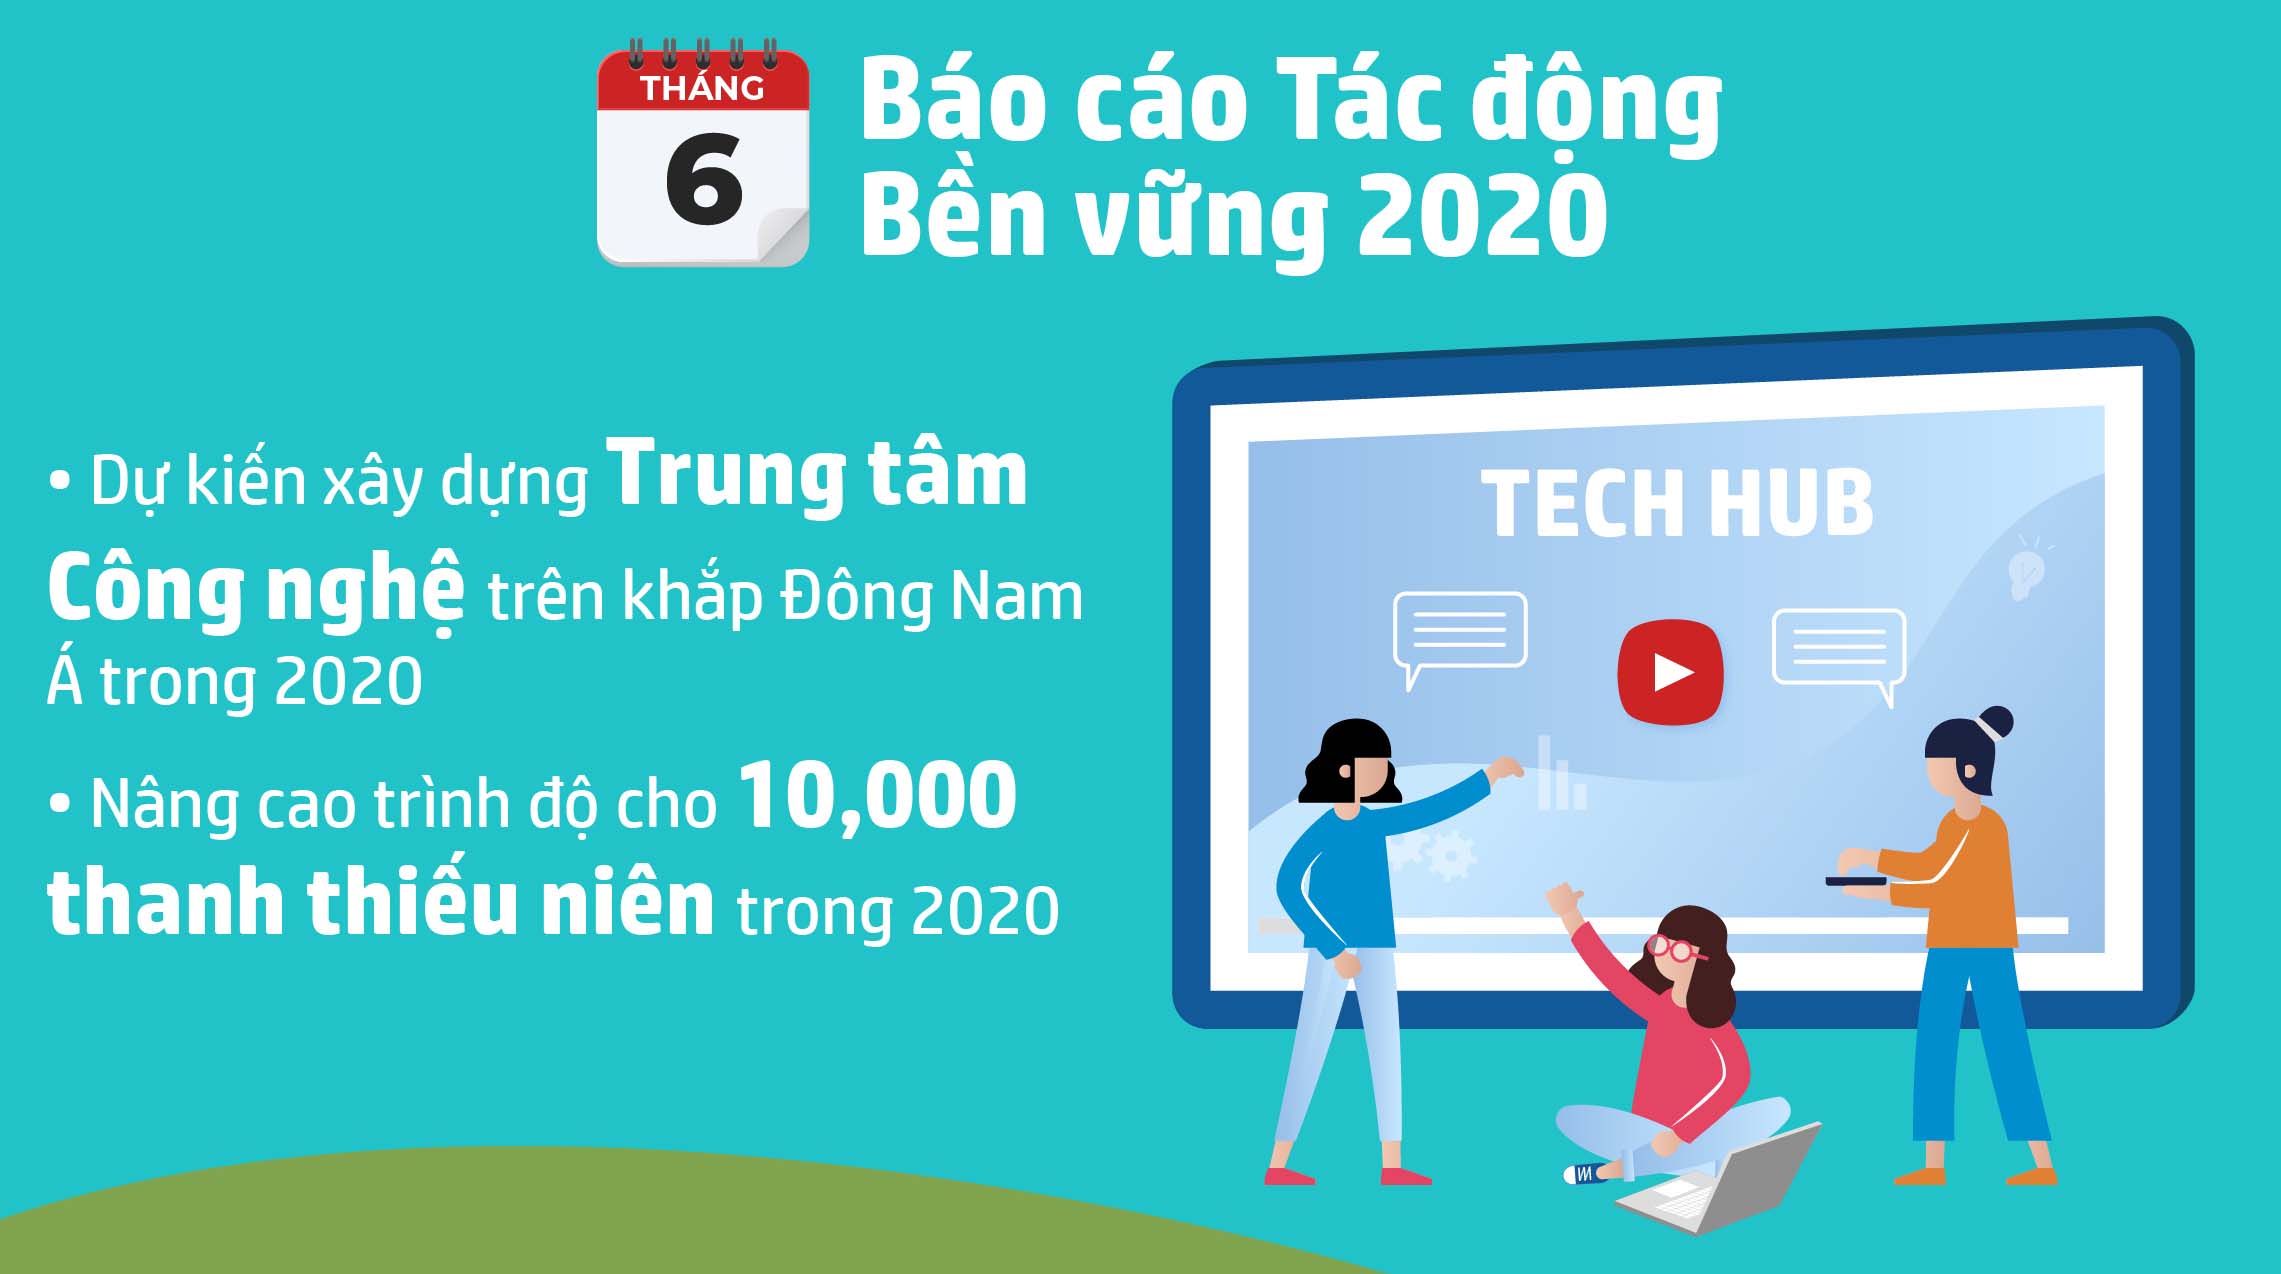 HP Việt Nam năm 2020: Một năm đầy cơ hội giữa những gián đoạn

---

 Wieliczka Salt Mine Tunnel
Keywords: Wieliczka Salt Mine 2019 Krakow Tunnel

Action item
Only one number is expected: the count of lines in the entries holding the string "Wieliczka".

Written response
2